Questions surrounding the role of phonology in reading have been traditionally studied through the use of homophones and/or pseudohomophones. Homophones are words with identical pronunciations, but which differ in spelling, derivation and meaning (e.g., bear/bare). Pseudohomophones are nonword stimuli that share their phonological representation, but not their orthographic representation with real words (e.g., brane). The rationale for using homophonous items is as follows: if phonology mediates word recognition, then presentation of a homophone (e.g., bare) or a pseudohomophone (e.g., brane) will result in the semantic activation of the unseen homophone mate (e.g., bear) or the pseudohomophone’s base word (e.g., brain), respectively. If it can be shown that the meaning of the unseen homophone mate (or the pseudohomophone’s base word) has been activated, then we can infer that phonology has mediated the computation of meaning.
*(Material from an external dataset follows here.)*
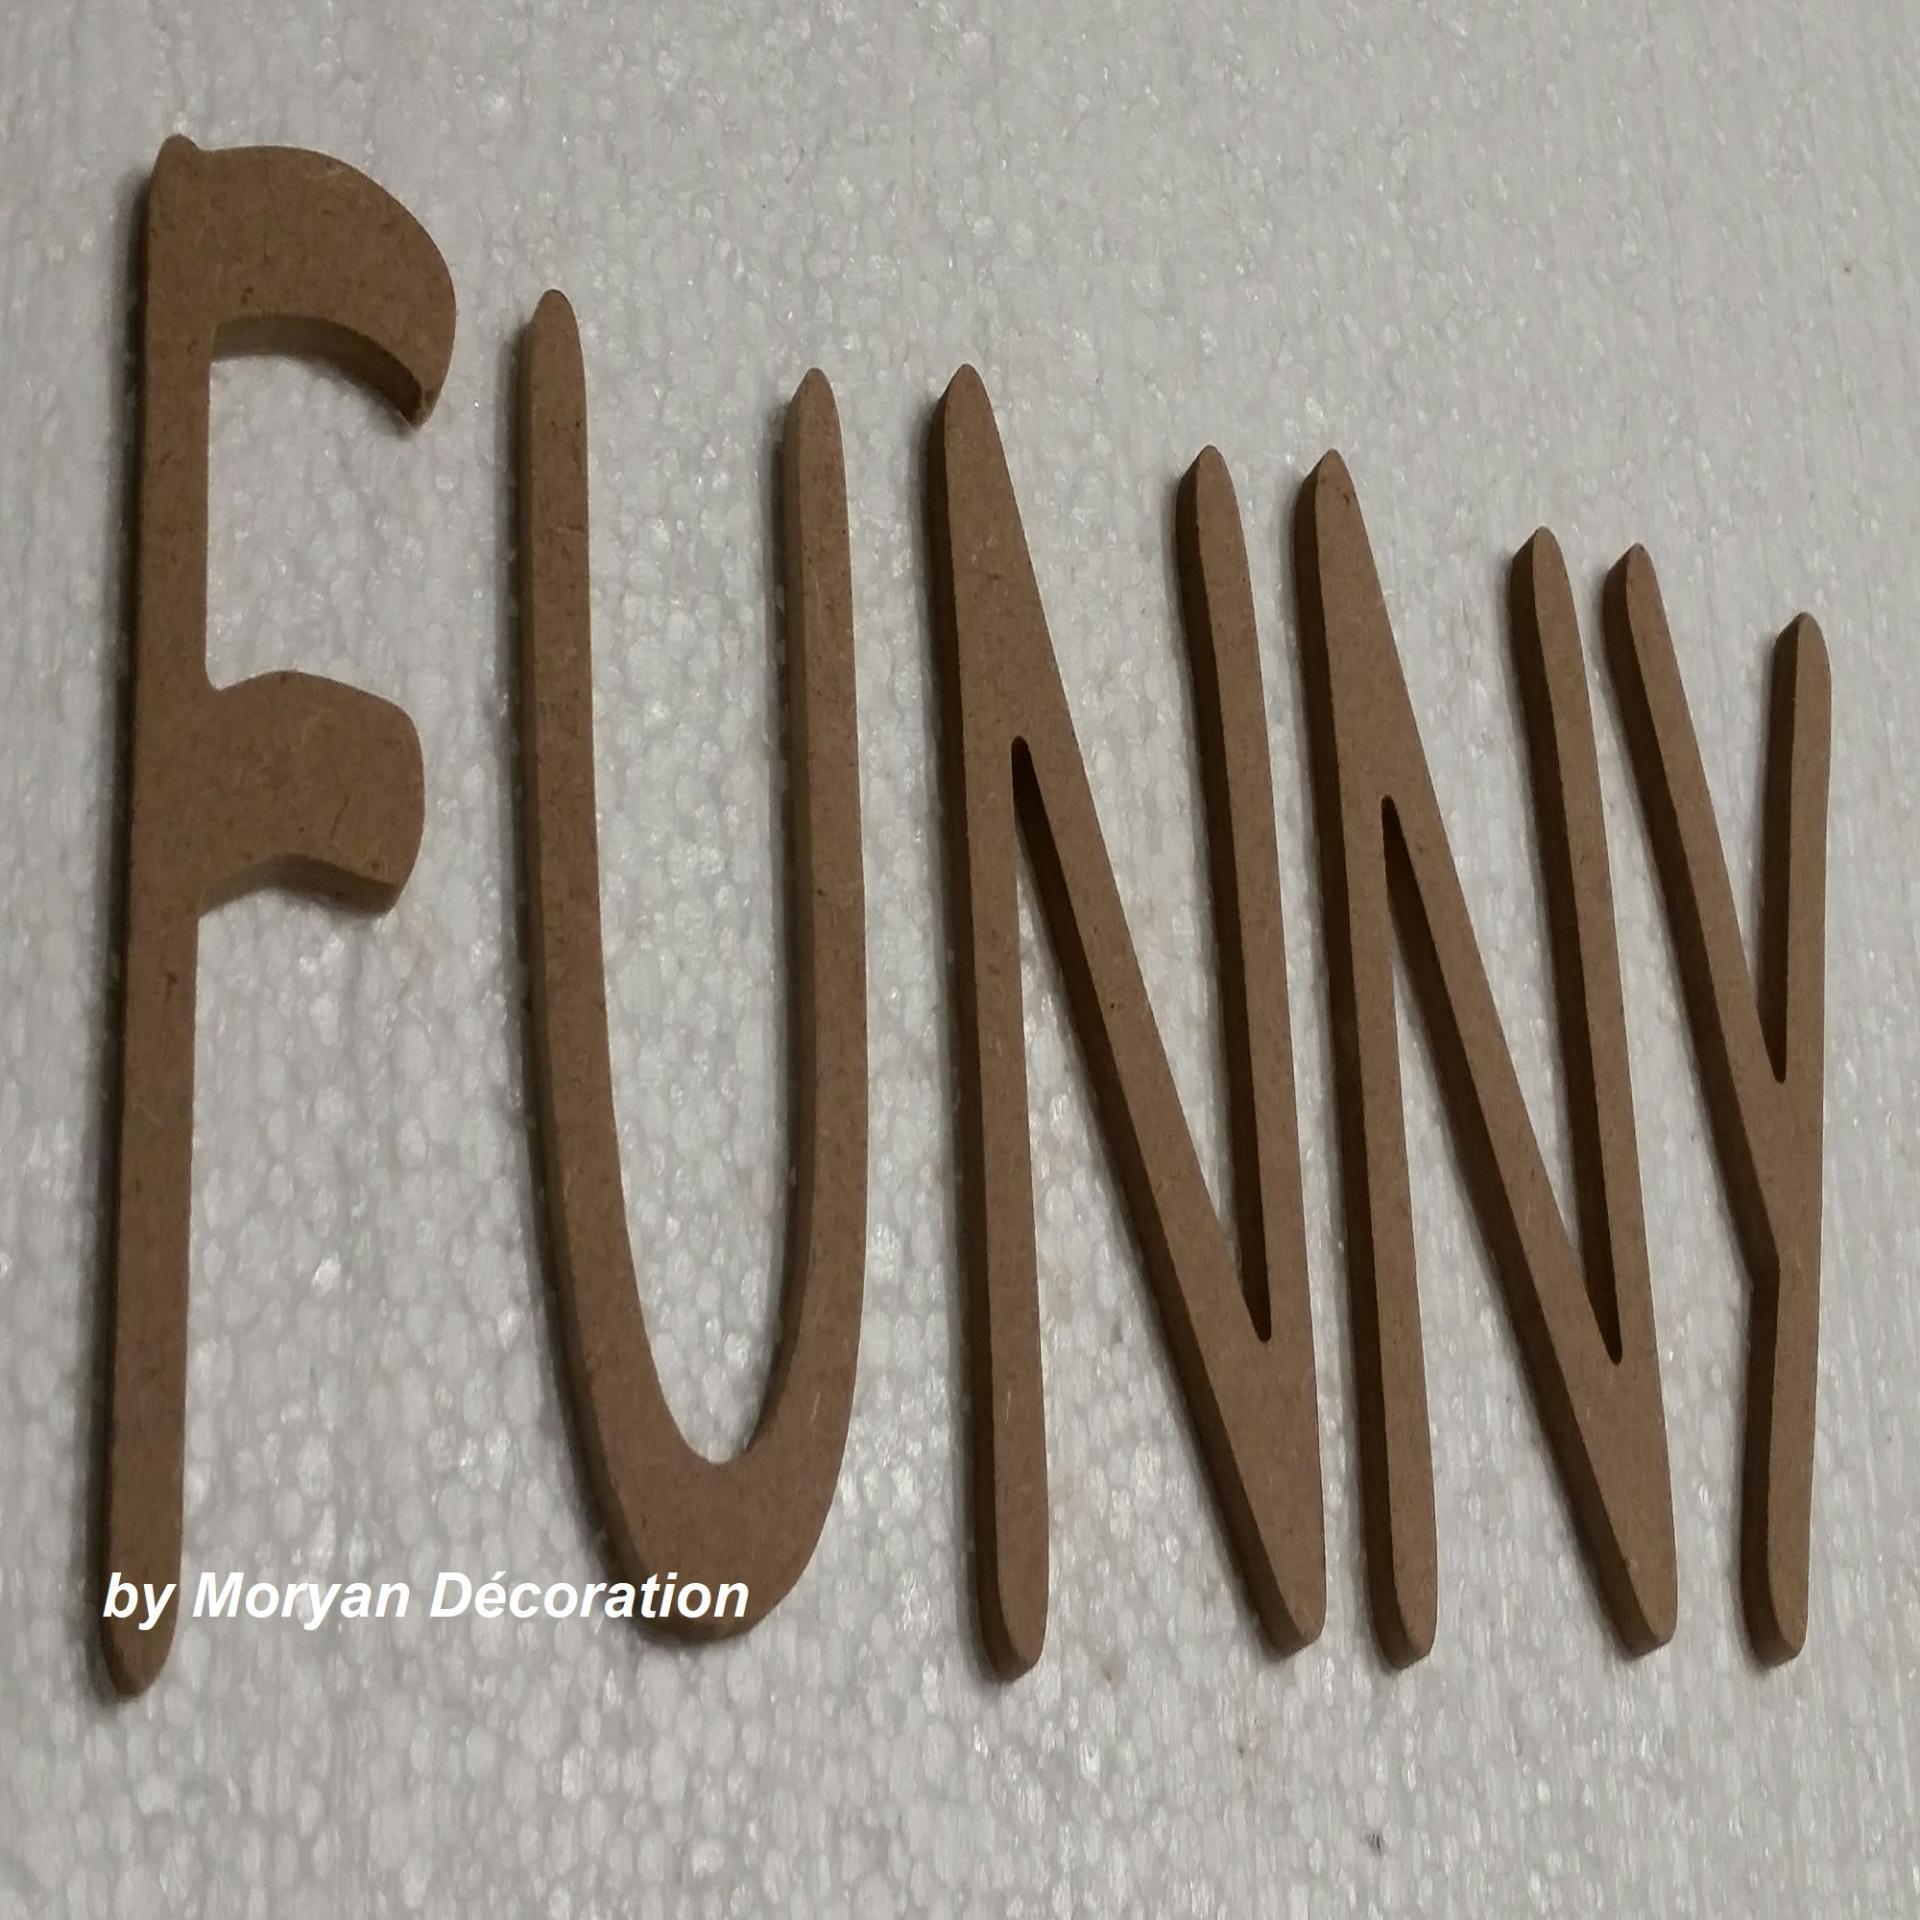 Lettres decoratives en bois a peindre ou a decorer funny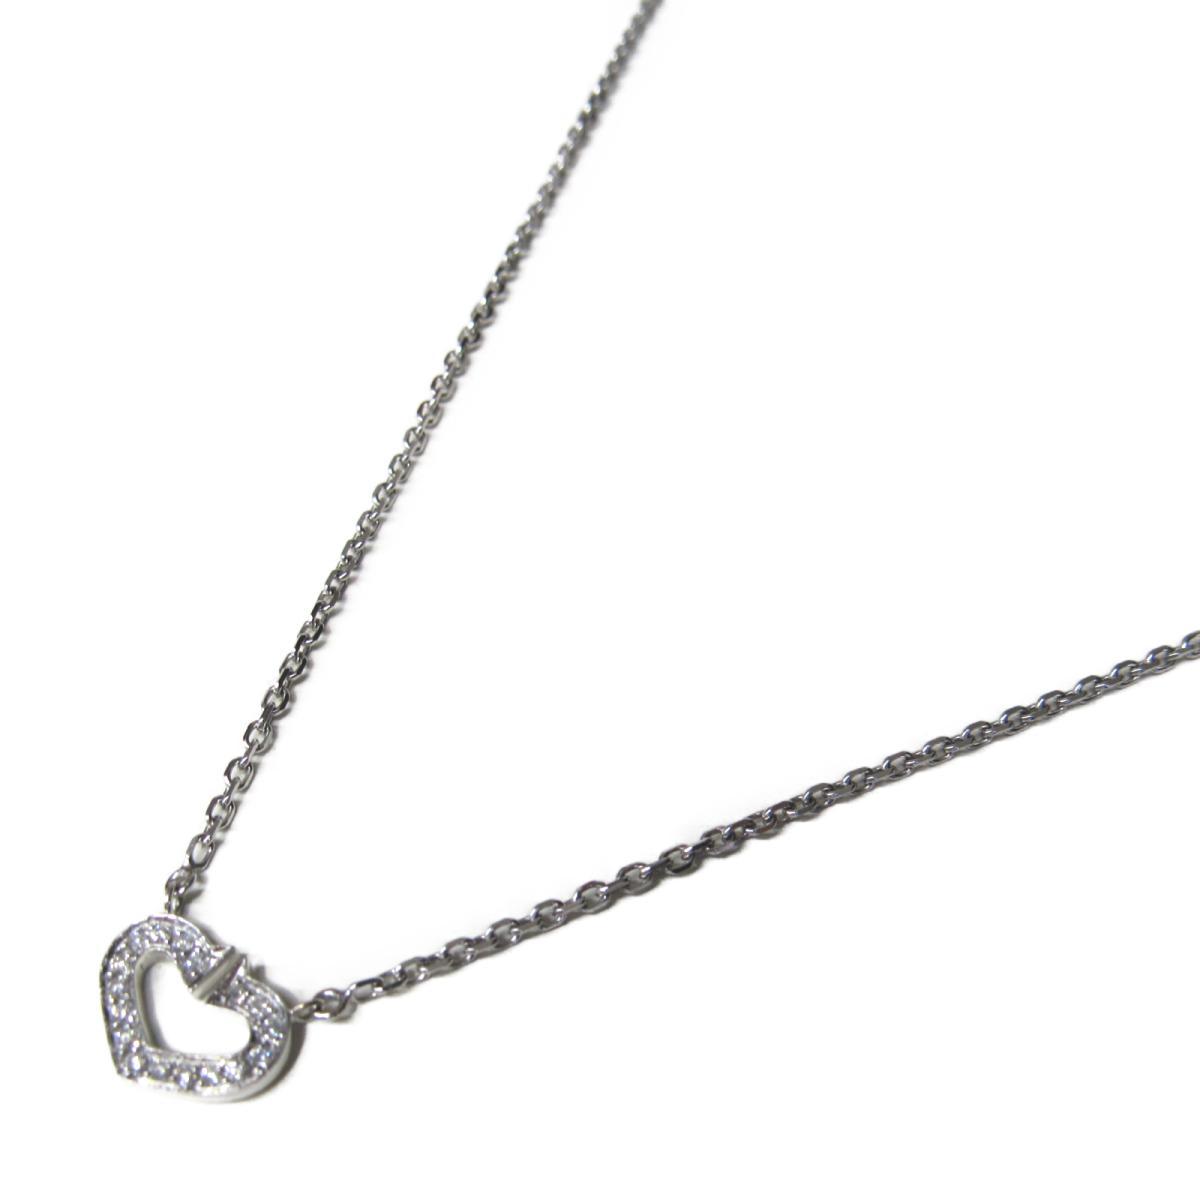 【中古】 カルティエ Cハート ダイヤモンド ネックレス レディース K18WG (750) ホワイトゴールド x   Cartier BRANDOFF ブランドオフ ブランド アクセサリー ペンダント

Evidence for homophone effects has been observed in studies employing the homophone error paradigm. In this paradigm, the member of a homophone pair that is appropriate to the experimental context (e.g., bear) is replaced by its partner, the homophone error word (or homophone foil; e.g., bare). If participants fail to notice the homophone foil, then the inference is made that the phonological representation of the homophone foil resulted in activation of the unseen correct homophone. Due to the high degree of orthographic overlap between many homophones, it is essential for a spelling control word to be present in experiments employing the homophone error paradigm. A well-developed spelling control word should be as orthographically similar to the appropriate homophone as the homophone error word, and should also approximate the homophone error in word frequency. For example, for the homophone pair, bear-bare, an appropriate spelling control word would be the word beer. Thus, if participants fail to notice the homophone error, then the effect can be attributed to the shared phonological representations between the correct homophone and the homophone foil, and not to their orthographic similarity.
Van Orden (1987) manipulated orthographic similarity and homophony (homophone errors or ‘foils’ and spelling controls, which represented the key trials) in a series of semantic categorization experiments in which participants were asked to determine whether a presented word was part of a specified category. He found that participants made significantly more false-positive errors to the phonemically-similar homophone foils (e.g., rows) than to their spelling controls (e.g., robs); similarly, there were more errors to the nonword foils (e.g., roze) than to their spelling controls (e.g., rone). This finding was referred to as a phonological interference effect because the sound of the foil interfered with participants’ decision-making processes, leading them to falsely judge a homophone foil as being an exemplar of the prompted category (e.g., rose in the category Flowers). Furthermore, Van Orden, Pennington, & Stone (1990) determined that the size of the homophone effect was dependent on the frequency of the unseen exemplar, such that the effect was larger if the exemplar was lower in frequency than its presented homophone mate. More importantly, however, Van Orden et al. still observed a homophone effect for high frequency words. Their findings led to the development of the spell check theory. According to this theory, when more than one meaning is activated by presentation of a homophone, we must retrieve the appropriate orthographic representation of the presented word (e.g., its spelling) in order to resolve the competition. When the appropriate homophone is a low frequency word, however, its spelling is more difficult to retrieve, leading to an increase in false-positive errors. The homophone effect can therefore be defined as an increase in processing or reaction time, and/or in false-positive errors, associated with the presentation of a homophone error.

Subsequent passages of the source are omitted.